Having investigated the problems of the new division of mental labour, the decline of working-class independence and the intellectual culture these structural changes have fostered, I can now suggest in outline a socialist response. This will necessarily be terse. I don’t claim to have answers to these enormous forces of history. But we can identify a useful initial approach.

The essential intellectual problem is the decline of the totality. From an assumption that society cannot be understood as a total organism, only further defeat and pessimism is possible. Without identifying the central drives and dynamics of the system, its contradictions and vulnerabilities cannot be understood and no challenge is possible.

The first question we must ask ourselves is, from what social location can the totality be best accessed? It cannot be the location of the academy – valuable though some insights from the academy may be. Even though postmodernism has waned in campuses in recent years, it has done this only after much of its work of confusion and deracination has been achieved. Campus cultures are likewise heavily Americanised and often detached from national context. Compartmentalisation is a natural by-product of is social and economic functions. 

It cannot be the location of the corporate media. It exists to reproduce the ideological force of various elements of the capitalist class. As outlined above and in the previous article, the involvement of left-wing thinkers, from public intellectuals to unpaid public confessors, has largely seen new left’s ideas and culture captured for commercial activity or elite intellectual reproduction (culture wars, the burgeoning industry of opinion, ‘takes’ and so on).

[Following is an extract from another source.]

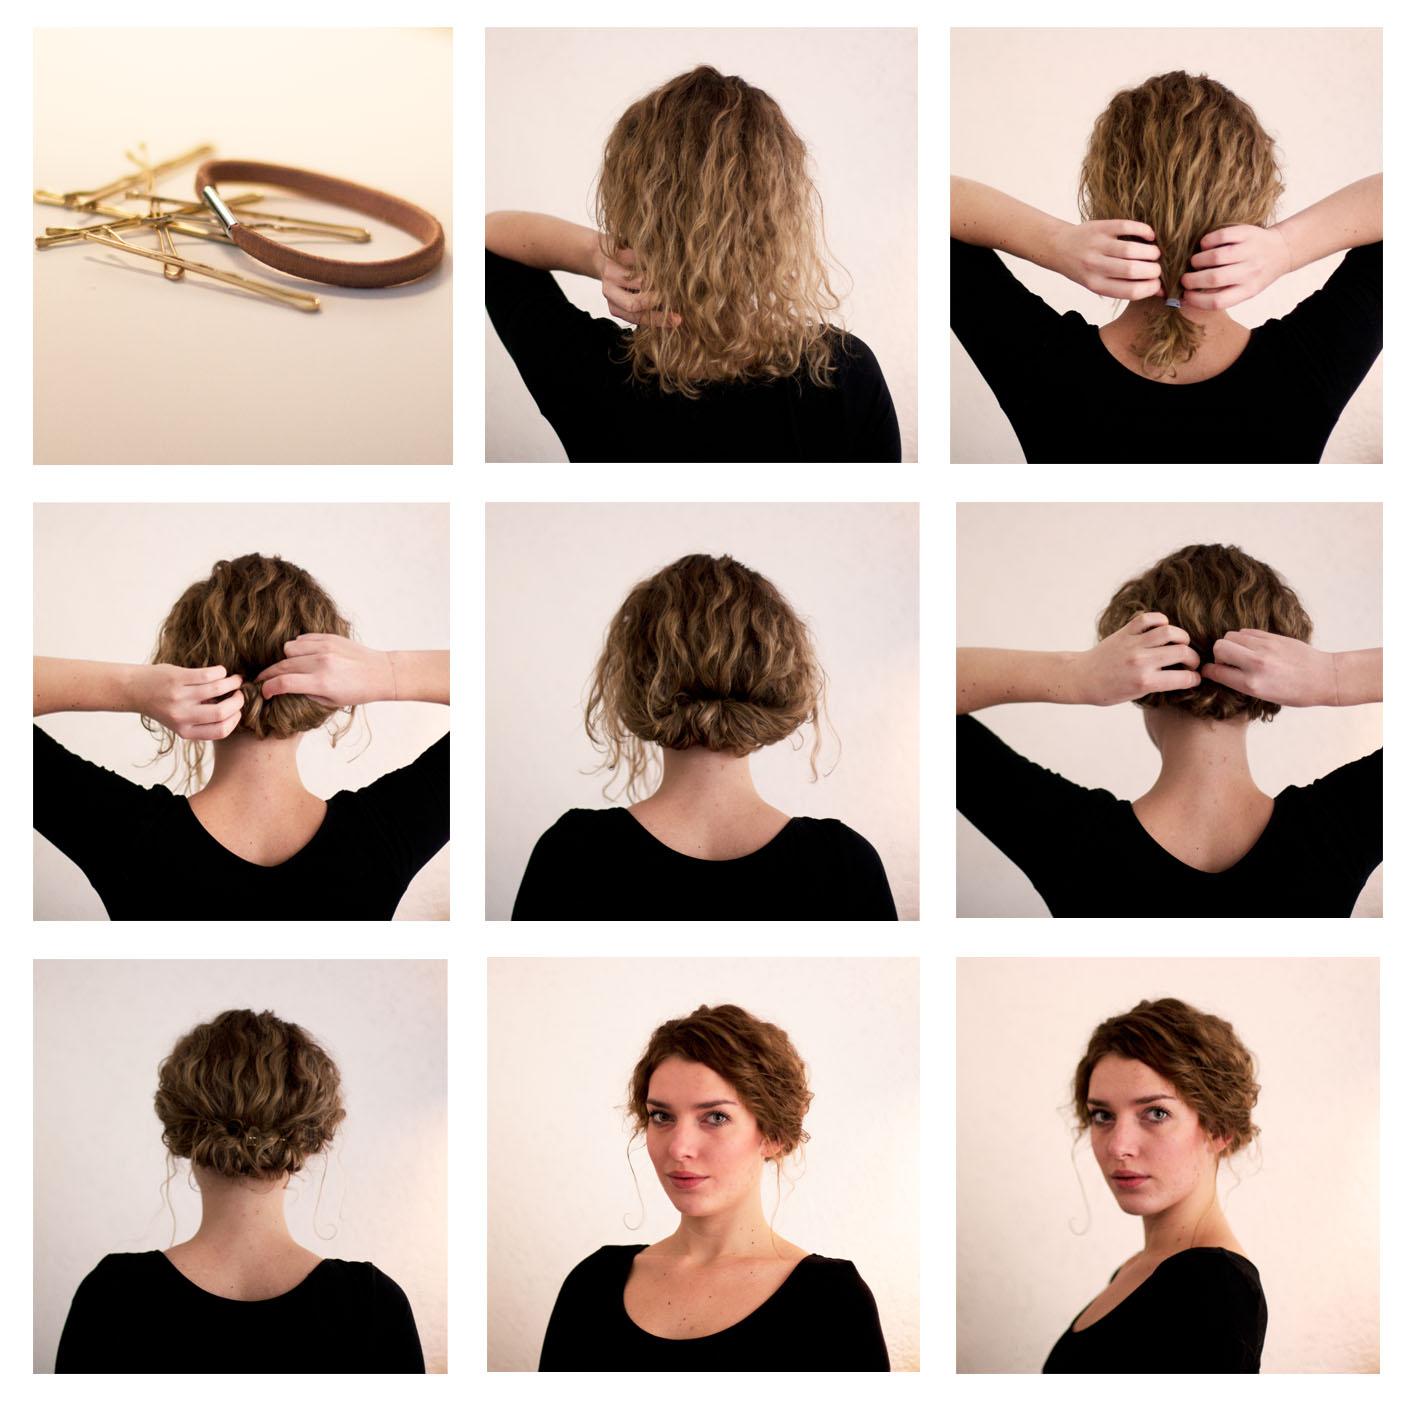 Причёски в школу с короткими волосами по плечи
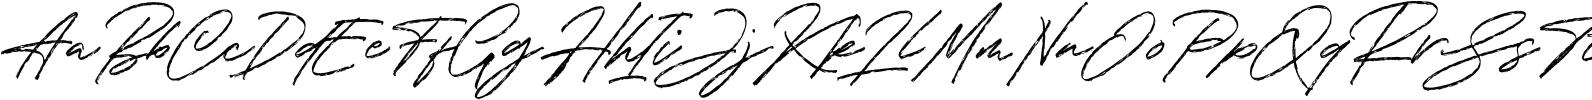 The Broadband - SVG Font

It cannot be the location of parliamentary politics, which is a deeply alienated form of political expression, blending democratic representation with governance, social control and regulation in the interests of capital.

The location from which the totality can be accessed must be political action, based upon the centres of mass popular activity as they appear, and particularly those organised and driven from the working class. This is the only location from which the central dynamics of the system can be ascertained, just as it is the only position from which practice and thought can inform one another. 

This repositioning will involve intellectual boldness on the left. Many intellectual traditions which have developed on the left in recent years will have to be overcome. A counter-intuitive instinct will be necessary, and it is natural that activists will be drawn time and again to simple, moral, humble attitudes about political priorities. We should insist upon an obsession with the central antagonisms of society over the marginal ones, with the totality of social relations over discrete elements, and with platforms of political and social change regardless of sectional interest.